Q3. What clone() flags does the NPTL implementation use to create a thread?
NPTL uses: CLONE_VM (shared memory), CLONE_FILES (shared fds), CLONE_FS (shared filesystem attrs), CLONE_SIGHAND (shared signal handlers), CLONE_THREAD (same thread group / shared PID), CLONE_SETTLS (thread-local storage), CLONE_PARENT_SETTID (race-free TID capture), CLONE_CHILD_CLEARTID (futex notification for pthread_join), and CLONE_SYSVSEM (shared semaphore undo values).
Q4. How do Linux namespaces enable container isolation?
Each namespace type wraps a global resource (PIDs, network, mounts, IPC, UTS, users) so processes in the namespace see their own private instance. For example, CLONE_NEWPID creates a new PID namespace where the first process appears as PID 1, even though it has a different PID in the host namespace. CLONE_NEWNET gives an isolated network stack. Combining all namespace flags gives near-complete isolation — the basis of Docker containers.
Q5. How does CLONE_CHILD_CLEARTID enable pthread_join()?

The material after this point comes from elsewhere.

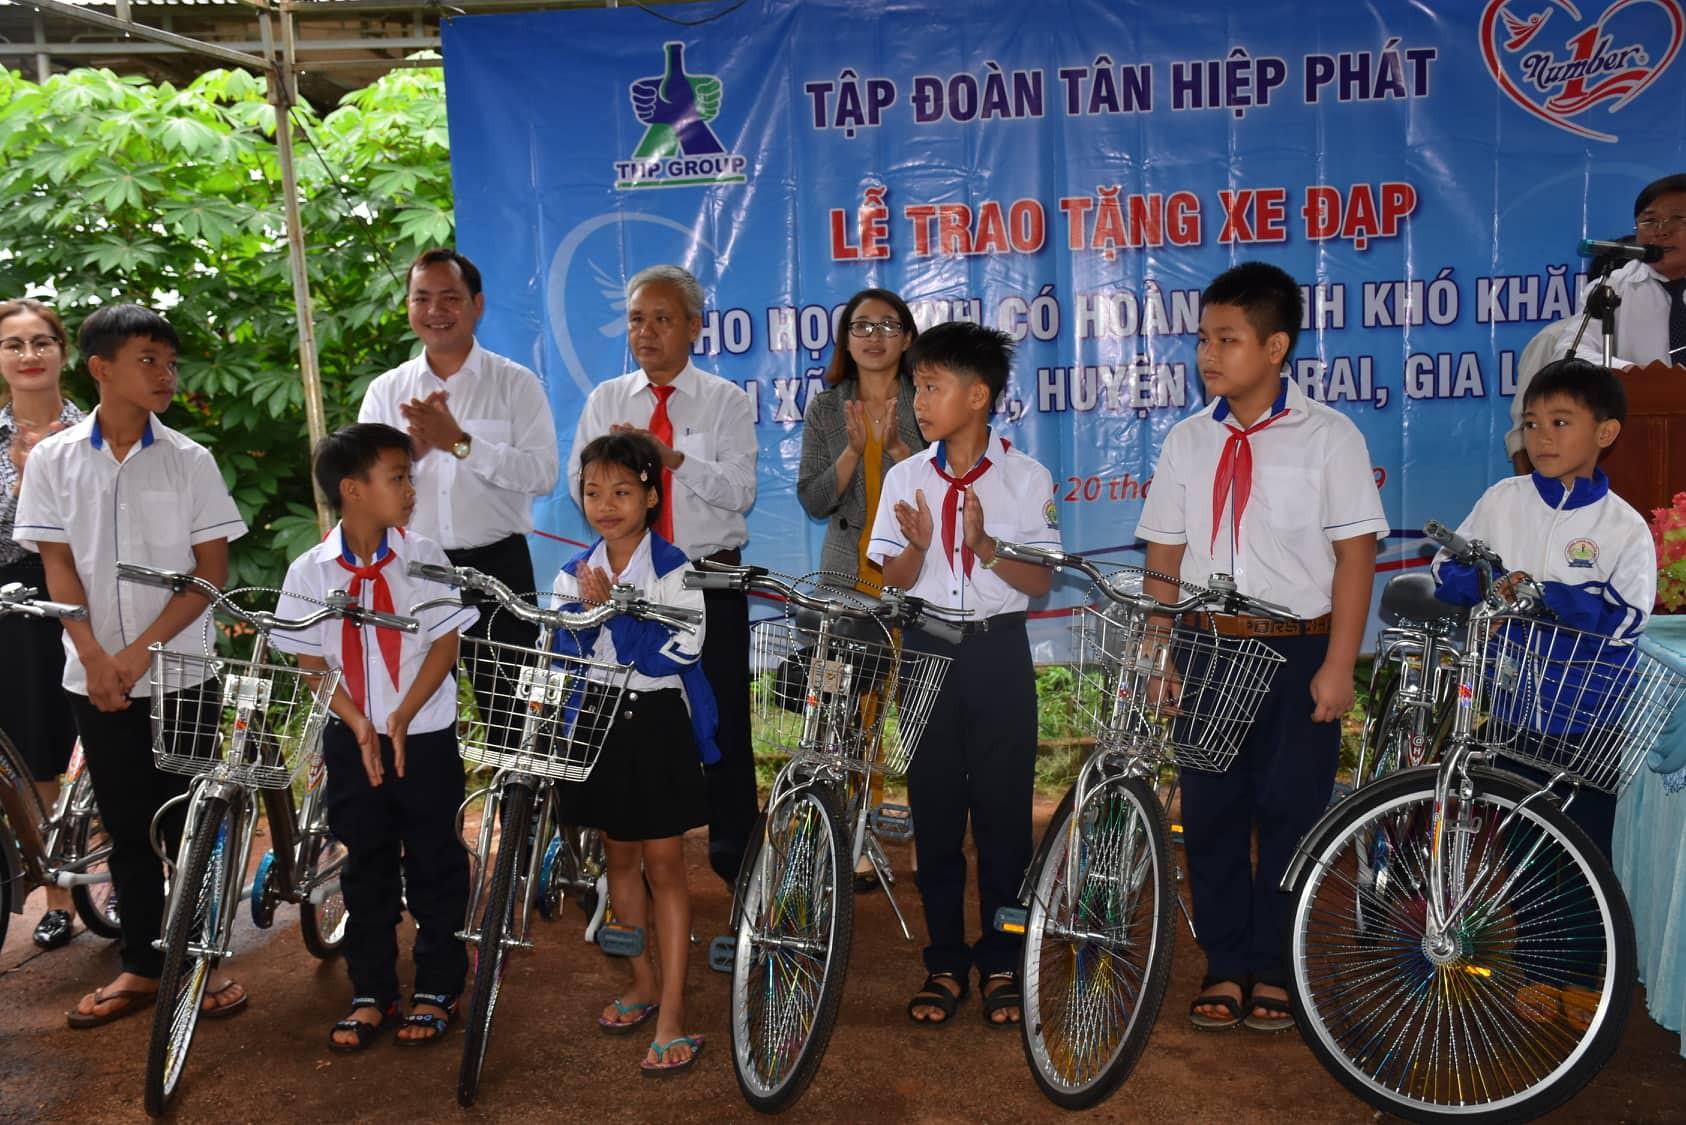 Trao tặng 50 chiếc xe đạp cho học sinh nghèo tại vùng biên giới tỉnh Gia Lai trước năm học mới. - Ảnh 1.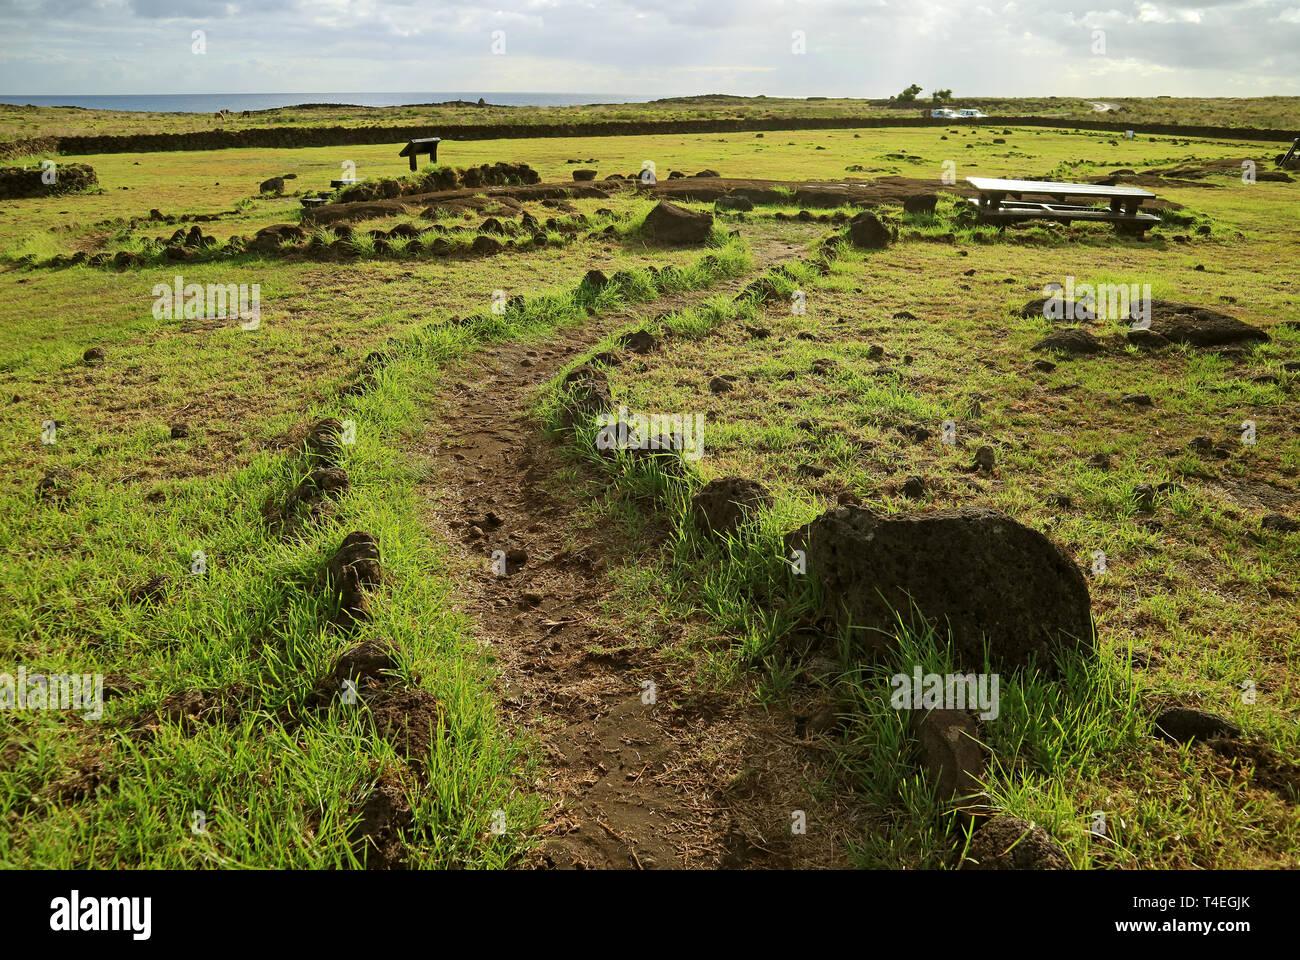 L'intérieur du sentier touristique Papa Vaka Site archéologique sur l'île de Pâques, Chili, Amérique du Sud Photo Stock

When a thread is created with CLONE_CHILD_CLEARTID, the kernel stores the thread’s TID at the ctid address and treats it as a futex. When the thread exits, the kernel atomically zeros ctid and calls futex_wake on that address. pthread_join() performs a futex_wait on ctid — so it blocks until the thread exits and then returns. This gives a zero-overhead, no-polling thread join mechanism.
Q6. What does the unshare() system call do?
unshare() (added in kernel 2.6.16) lets a process undo some sharing that was established at clone/fork time. For example, a process created with CLONE_FILES can later call unshare(CLONE_FILES) to get its own private copy of the file descriptor table. This is used by the unshare(1) command-line tool to run processes in new namespaces without creating a new child process.